The Applicant’s case

  1. The Applicant makes the following claim in her application to the Tribunal:

    “As per all evidence provided, I received no confirmation of enrolment, had previously explained I was unsure due to just finding out I was pregnant – escaping a bad marriage – all medical evidence was provided. As I had to leave job early due to high risk pregnancy I had no access to work email for correspondence.”

  2. In her application to the College for special circumstances considerations, she wrote:

    “I inquired about studying back in 2014, but shortly after found out I was pregnant with my second child & my marriage had just broken down. I spoke to someone at [the College] & informed them that due to the circumstances I would not be enrolling in the course, they informed me that all was ok. I haven’t received any further paperwork to say I am enrolled or any course components, and as was previously stated I was informed that all was ok when I was unable to enrol. I now have a HELP debt of $1700 and should not have to pay for something I was told I wasn’t enrolled in. I have been liaising with the ombudsman (sic) and will pursue further if necessary.
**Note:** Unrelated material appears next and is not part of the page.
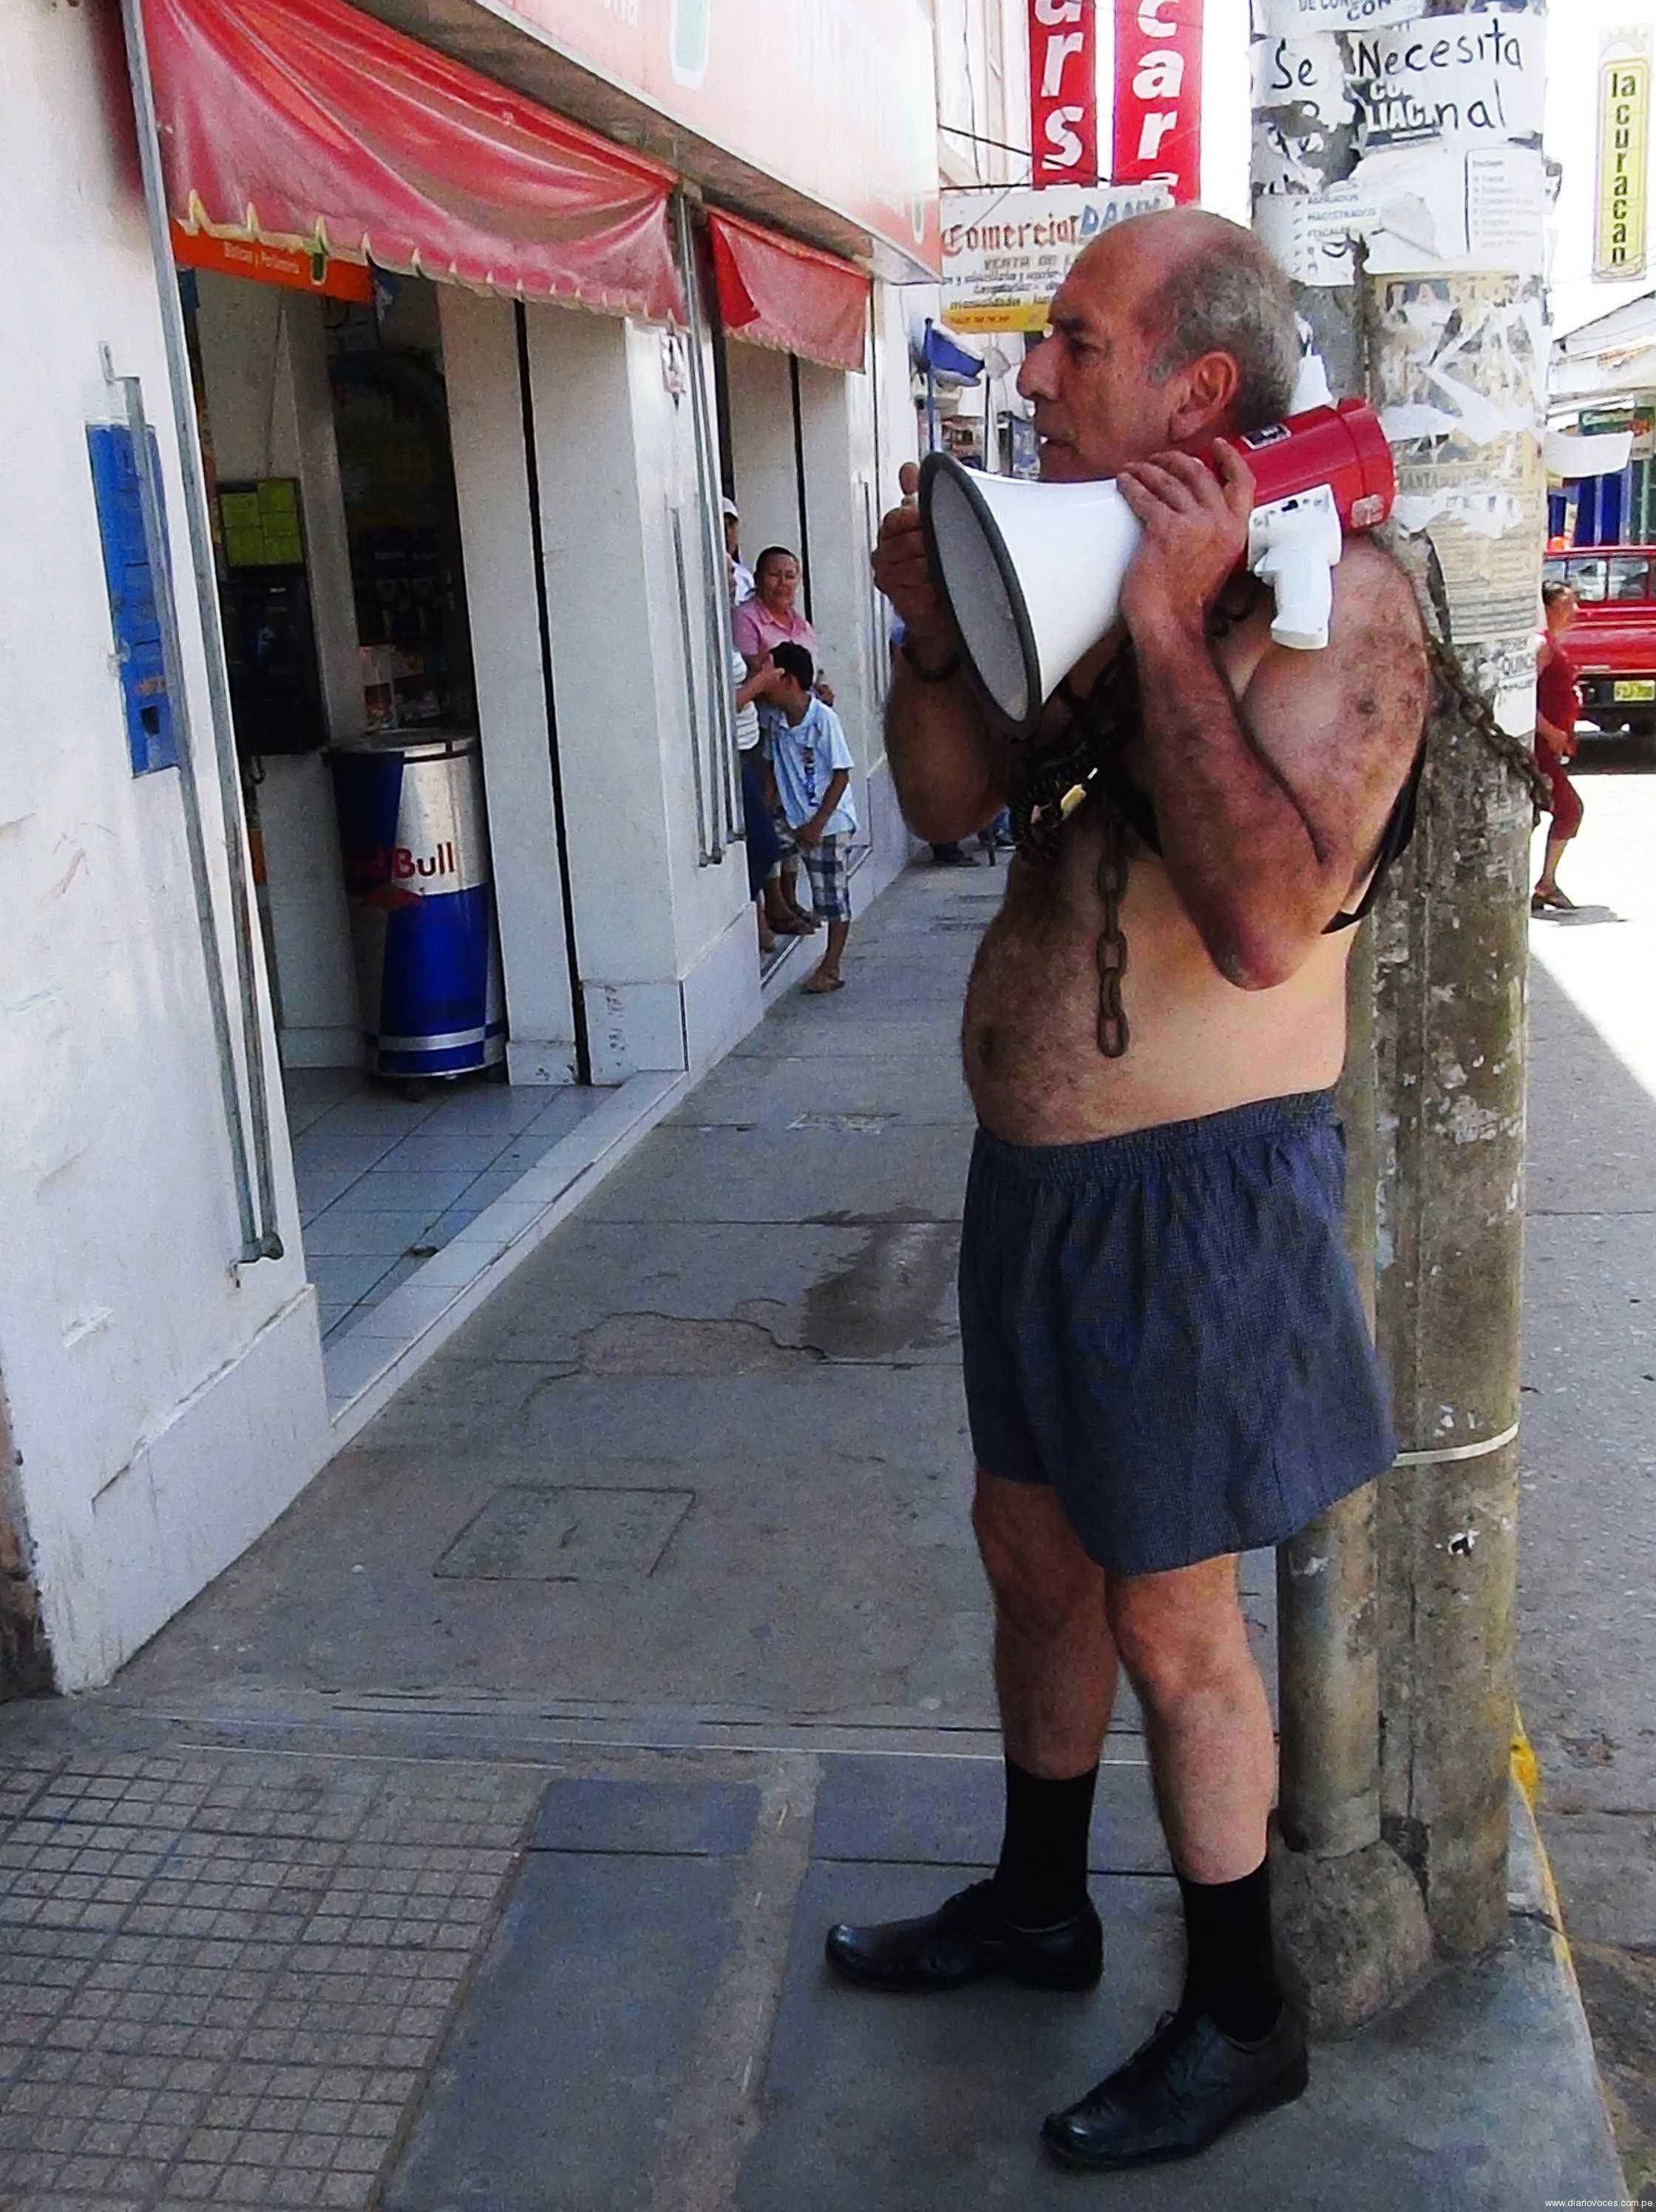 Padre de familia protesta semidesnudo en frontis del Poder Judicial

I am a sole parent, working to support us all and can not afford to pay for something I shouldn’t have to.”

  3. In support of her assertions, the Applicant has provided a copy of a statement, not in the form of a Statutory Declaration, from her mother which states, in part:

    “As [the applicant] and her daughter were residing with me for all of 2014, I can honestly attest to the fact that NO STUDIES or modules towards studies of any type were commenced while [the applicant] was living with me. I do recall [the applicant] stating that she was unable to even consider attempting any studies or modules and that she intended to cancel the registration for the courses/modules due to the all-round issues prevailing at the time. To the best of my knowledge also, no written communication was ever received by mail at my home for [the applicant] concerning any studies or student loans of any type.”

  4. The Applicant has also provided extensive evidence as to her medical condition, especially in relation to her pregnancy together with relevant Family Court documents in relation to Orders regarding parenting of her two children.

The Respondent’s case

  1. In short the Respondent states:

    (a)       The Applicant was duly enrolled in a course of study for which FEE-HELP was paid on her behalf to the training provider to cover her course fees;

    (b)       Hence there is a repayable debt accrued to recover those fees;

    (c)       Although the Applicant withdrew from the course, she did so outside the time which is specified in the legislation, that is, after the census date, and

    (d)       She does not meet the “special circumstances” requirements of the legislation which would permit the FEE-HELP debt to be re-credited.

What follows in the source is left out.